We suggest that you:

  • know your customers/suppliers – so you know whether they fall within the definition of smaller business. Ask questions!
  •  review your contracts with smaller businesses as a matter of priority, so that you can ensure that your contracts are fair, and you avoid investigation by ACCC, ASIC and/or Fair Trading. If your contracts do contain terms that may be considered unfair, then consider how important the terms in that contract are to your business and whether the terms protect your legitimate business interests.
  • consider structuring the value of the contract so that you exceed the monetary threshold
  • consider developing a separate set of contracts for smaller business clients, and another set of contracts for other business clients – if you are in the transport industry, develop a separate set of contracts for shipping contracts (being an excluded contract).

The law will only apply to contracts entered into or renewed from 12 November 2016, so there is approximately 12 months for you to review and amend your standard form contracts if required.

What can we do if we believe that our small business has entered into an unfair contract?

Whilst having an unfair term in a contract is not an offence (meaning that no pecuniary penalties apply), the smaller business has the right to commence court proceedings against the other business to apply for orders that part of the contract is set aside (that is, declared void) or varied (that is, changed so that it is fair).

If the other business attempts to enforce the unfair term(s) against the smaller business, then the smaller business could seek compensation from the Court.

Of course, it is always our recommendation that if you believe that you have rights against another party, obtain legal advice first, then attempt to negotiate a resolution to the issue without rushing off to Court.

Alleged misrepresentations and unconscionability in the training industry

The ACCC has commenced proceedings in the Federal Court against a training college which offered VET FEE-HELP Diploma courses,costing from $18,000 to $21,000 per course.ACCC

It is alleged that:

False or misleading representations

  • between January and October 2015, Phoenix Institute of Australia Pty Ltd and Community Training Initiatives Pty Ltd (through the trading name “Mytime Learning“) enrolled more than 9,000 students in 17,000 courses and received in excess of $100 million from the Commonwealth for those enrolments.
  • Phoenix represented to prospective students that:
    • they would receive a free laptop; and
    • the course(s) were free – or free if the student did not earn approximately more than $50,000 per annum.

In fact:

  • the laptop was received on loan; and
  • the course(s) incurred a VET FEE-HELP debt payable to the Commonwealth Government, with repayment commencing once the student earned more than a particular amount ($54,126 in the 2014-2015 income year).

Unconscionable conduct

  • The enrolment process targeted vulnerable groups, such as consumers from low-socioeconomic background and consumers with intellectual disabilities
  • The courses were online, requiring a computer and ability to email, something which was difficult for many of the enrolled students to comply with.

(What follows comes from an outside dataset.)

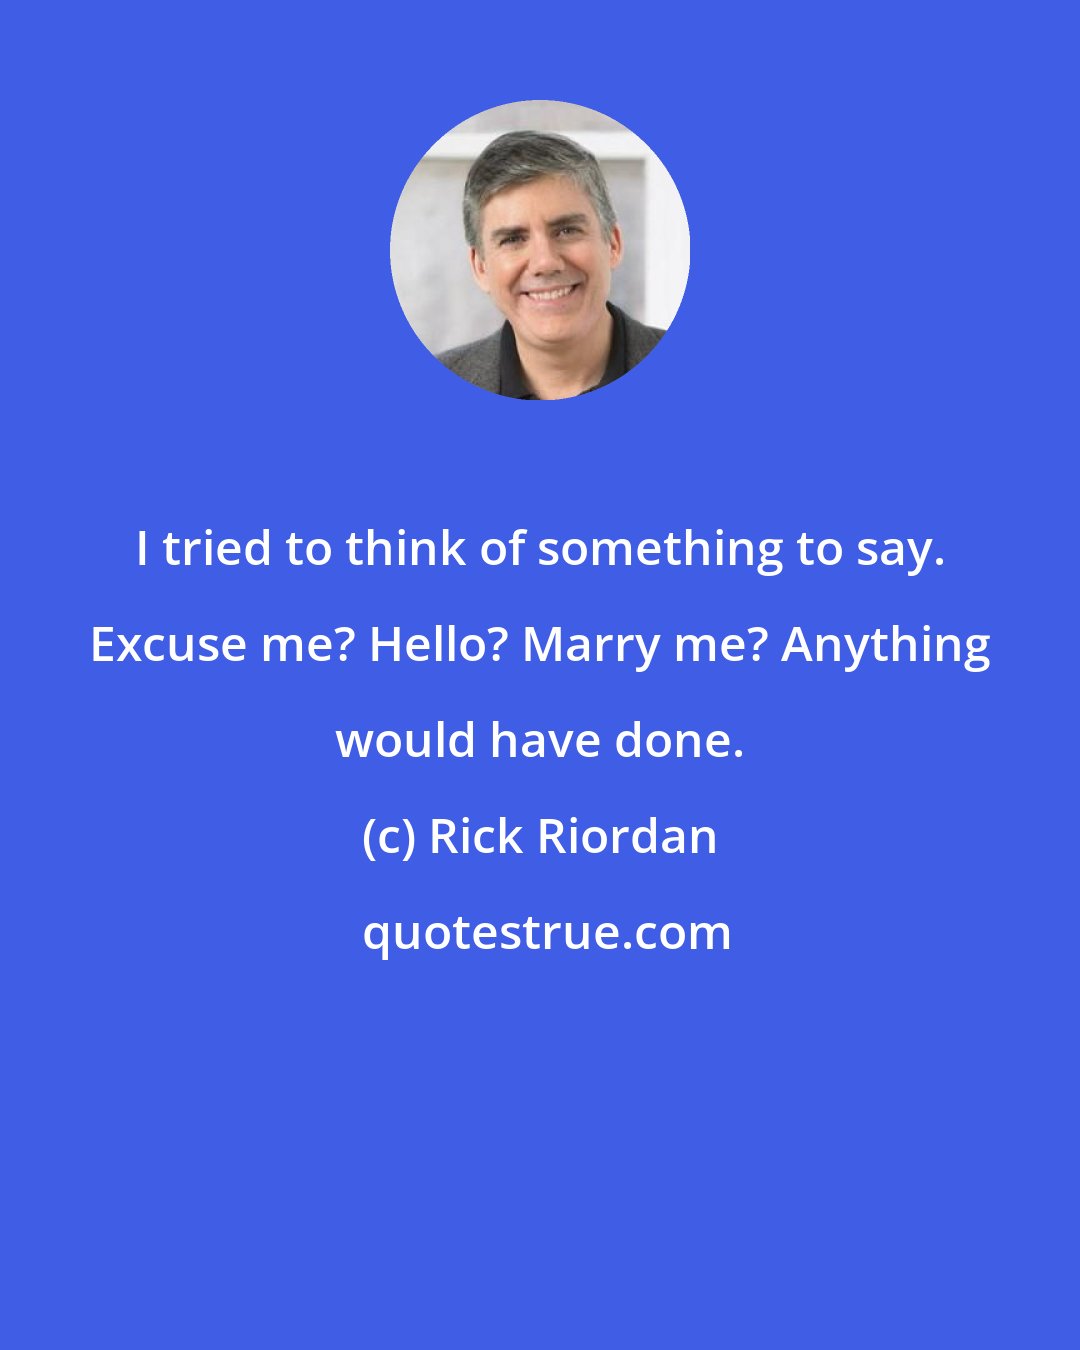 Rick Riordan: I tried to think of something to say. Excuse me? Hello? Marry me? Anything would have done.

The ACCC is seeking orders cancelling the VET FEE-HELP debts and pecuniary penalties.  The ACCC and the Commonwealth are seeking:

  • declarations,
  • injunctions,
  • orders for the repayment of course fees paid by the Commonwealth to Phoenix
  • corrective notices
  • orders requiring the implementation of a consumer law compliance program
  • costs.

The matter will be first heard in the Federal Court on 15 December 2015.